= Spectral atlas =

In astronomy, a spectral atlas is a collection of spectra of one or more objects, intended as a reference work for comparison with spectra of other objects. Several different types of collections are titled spectral atlases: those intended for spectral classification, for key reference, or as a collection of spectra of a general type of object.

In any spectral atlas, generally all the spectra have been taken with the same equipment, or with very similar instruments at different locations, to provide data as uniform as possible in its spectral resolution, wavelength coverage, noise characteristics, etc.

==Types==
===For spectral classification===
When assigning a spectral classification, a spectral atlas is a collection of standard spectra of stars with known spectral types, against which a spectrum of an unknown star is compared. It is analogous to an identification key in biology. Originally, such atlases included reproductions of the monochrome spectra as recorded on photographic plates, as in the original Morgan-Keenan-Kellman atlas and other atlases.
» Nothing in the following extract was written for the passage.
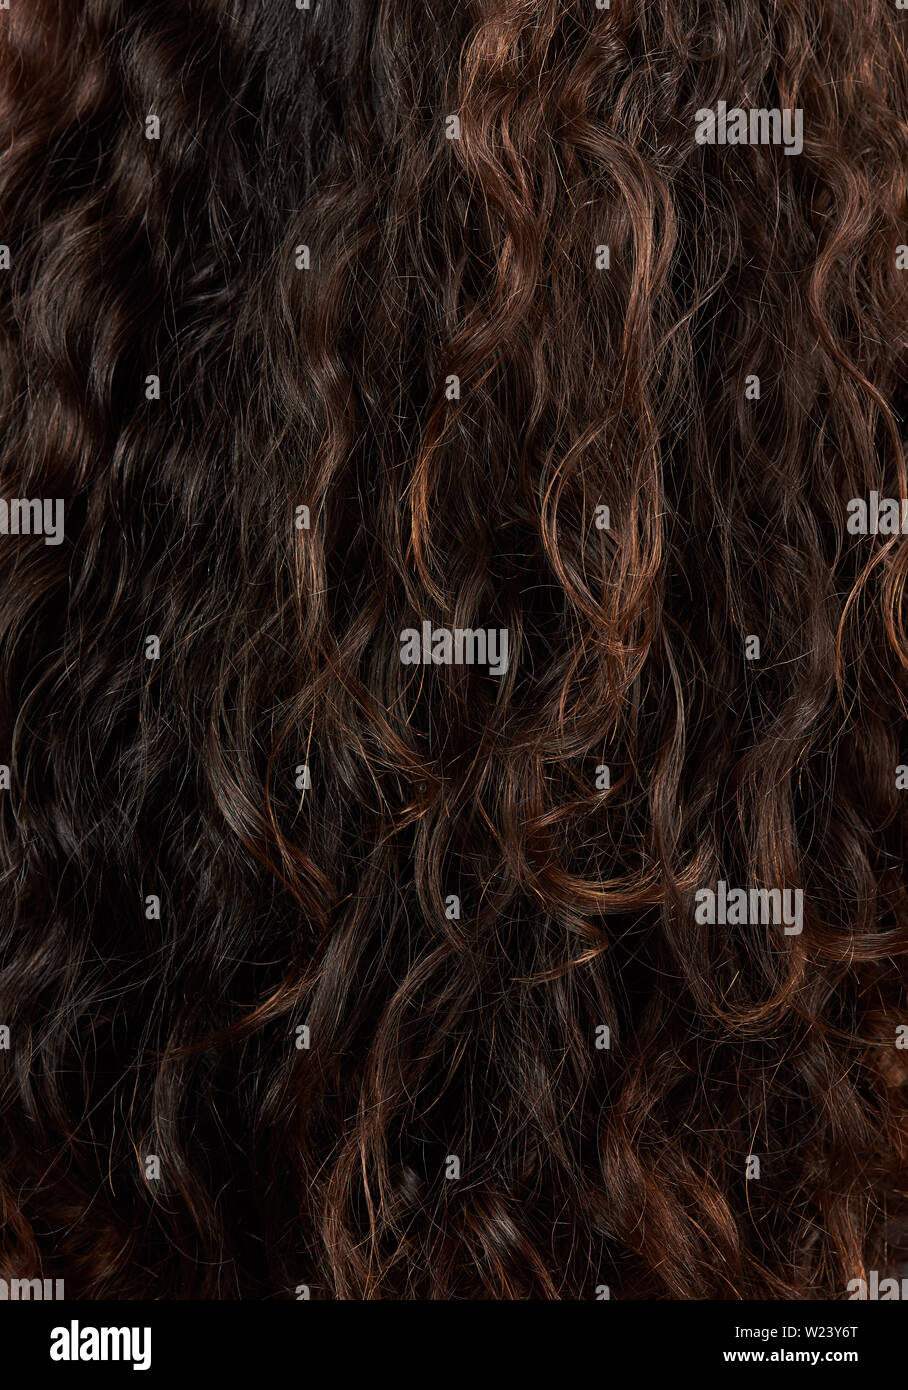 Brown natural woman  curly hair background. Wavy hairstyle Stock Photo

These atlases include identifications and notations for use of those spectral features to be used as discriminators between close spectral types. With very large surveys of the sky which include automated assignment of spectral classification from the digital spectra data, graphical atlases have been supplanted by libraries of spectra of standard stars which often can be downloaded from VizieR and other sources.

===For key reference===
A spectral atlas can be a very high-quality spectrum of a key reference object, often made with very high spectral resolution, generally presented in large-format graphical form as a line chart (but normally strictly without markers at specific data points) of intensity or relative intensity (which for a star whose spectrum is dominated by absorption lines runs from zero to a normalized continuum) as a function of wavelength. Such spectral atlases have been made several times for the Sun (e.g.,), Arcturus, other bright stars, planets, quasars, etc. Unlike classification atlases, such atlases made from data taken with photographic media were digitized with a densitometer and the digitized result is presented. Sometimes these atlases include identifications of spectral features, but often such identifications are presented in tabular form in separate publications (e.g.,).

===For objects of a general type===
A spectral atlas can be a collection of spectra of different individual objects of a general type, showing the variety of spectra inherent to the type, or a collection of spectra from a single object that varies over time, showing the variations in the spectra.